In this particular example, the fact that assignments return the value of the right-hand side is well-known and used frequently in Ruby code. The fact that arrays have to be allocated is obvious. The fact that allocations have a runtime cost is obvious. The only thing that isn't obvious is that the return value allocation of assignments whose value isn't used are optimized away. If you know that, you'll think of appending the nil to activate that optimization. Characterizing the lack of that step as a "mistake" only makes sense if the goal for your code is to maximize performance -- which in this case, most unusually for Ruby, it was.

+1. I love golang, because for the most part, there is only 1 way to do something. With ruby, there are a billion ways to do the same thing, with some being slower than others.
I've just started learning Go as a very long time Rubyist. I really enjoy both languages for very different reasons. In Ruby, I can write code that really makes me happy to read. Enumerable is just wonderful. You can go a long way in Ruby without writing a single if statement. It's great. If I'm working on a solo-project, it's the language I'd choose every time. But working with inexperienced or people who "know" Ruby, but never adopted "the Ruby way" is a nightmare. Ruby code, written poorly, can be extremely brutal to follow. When the great deal of freedom Ruby offers isn't handled responsibly, a hot mess can ensue.

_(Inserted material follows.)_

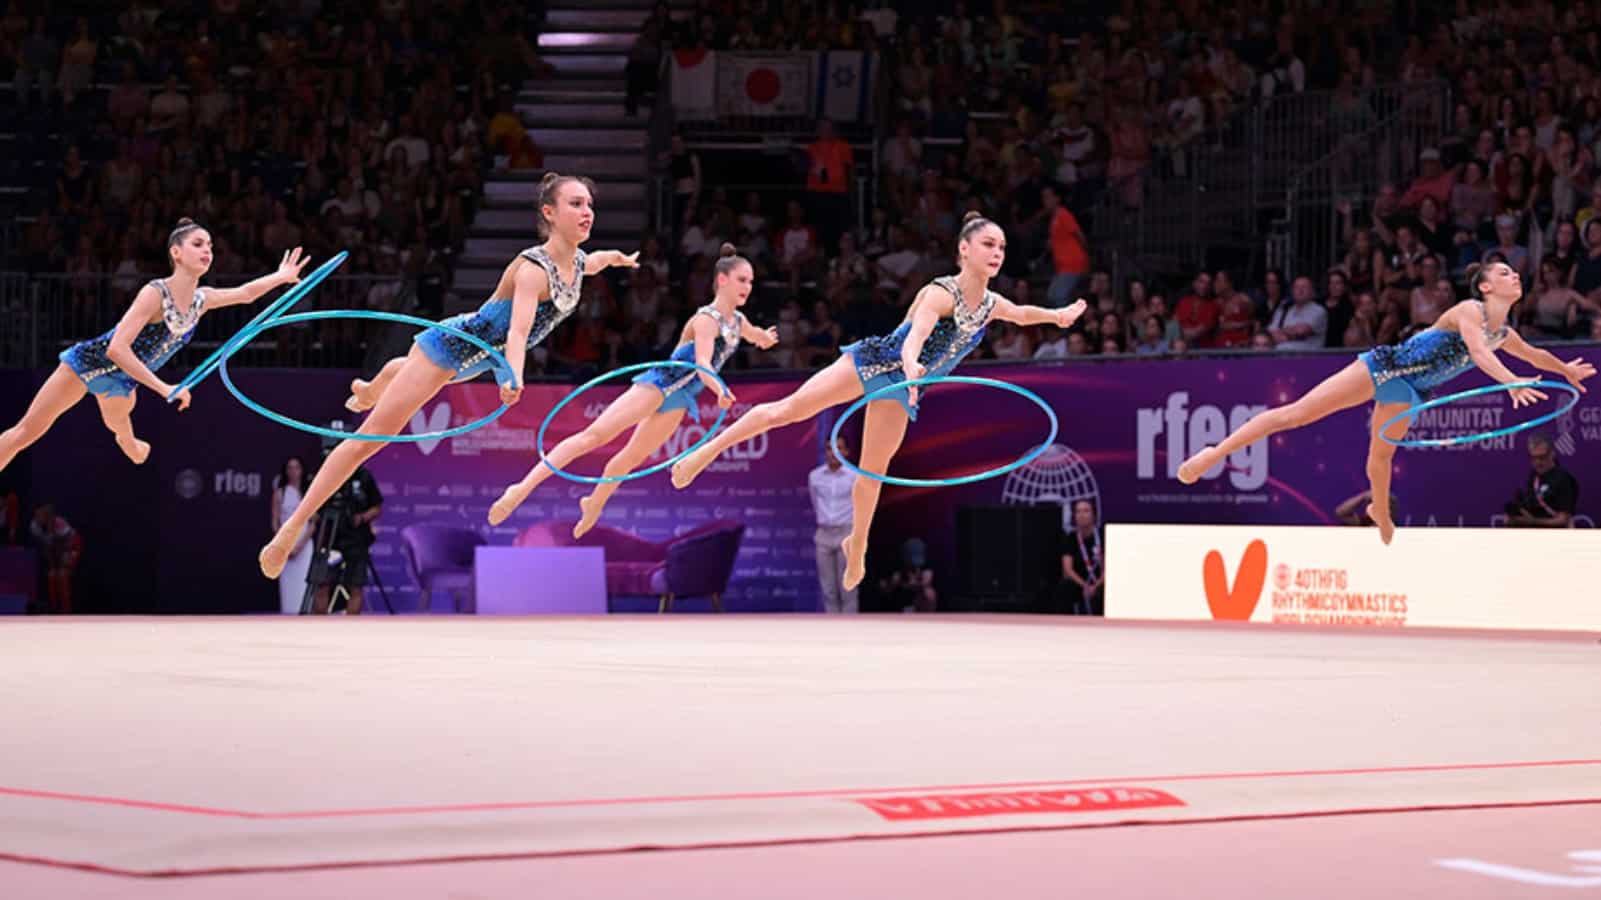 Israel's gold medal rhythmic gymnastics team in action at the World Championships in Spain, August 2023. Photo courtesy of FIG

Go is the opposite. It's great, as you say, because it's dirt simple. It's a brutalist get-the-job-done kind of language, and I think if I were to start a company working with other engineers, I'd absolutely choose Go for that reason. It's easy to read. It's easy to reason about. And there's very little implicitness in it.

    with some being slower than others.
Do we all agree that in practice, these sort of micro-optimizations almost never matter?

It's certainly easy to think of situations where they do matter, but unless your project is FaaS (Fibonacci As A Service) probably not.

I've seen that more than a few cases where people used the wrong data structure (like array, for O(N)) look ups, instead of a hash.

All the inefficiencies add up, at scale. a 3% inefficiency means you're spending ~3% more on compute. CI takes longer. Dev velocity decreases.

> +1. I love golang, because for the most part, there is only 1 way to do something.

Are you aware that you're referencing the Python mantra with that? Feel free to Google it, it's from 2004.

There should be one-- and preferably only one --obvious way to do it.

    the Python mantra with that?
Offtopic but, I switched from Ruby to Python for a new job about six months ago.

While I love Ruby, I was looking forward to some of that "one way to do things" simplicity I'd been promised by Python.

Boy... were my hopes crushed. There are a lot of possible ways to do any given thing, from iteration to package/import structures, etc.

For the most part it seems like the proliferation of options in Python is pretty sane; I can generally see why each choice was made to address existing pain points. So kudos to Python for that. But man, did they leave "one way to do it" behind a loooong time ago.

That they did, indeed.

And they honestly never really adhered to it either. It was just a knee-jerk reaction to a (I believe Haskell) presentation that said something like "we got n ways to do x", where n was in the double digits and x was something extremely uninteresting like looping over an array.

Can't really recall details though, it was old knowledge by the time I Heard about it around 2010 and a quick Google didn't help me dig it up

How are there companies with Ruby source code making enough money to hire full time Ruby devs?
Ask GitHub, Shopify and Stripe.
Presumably by streamlining development so they can quickly deliver functionality to paying customers.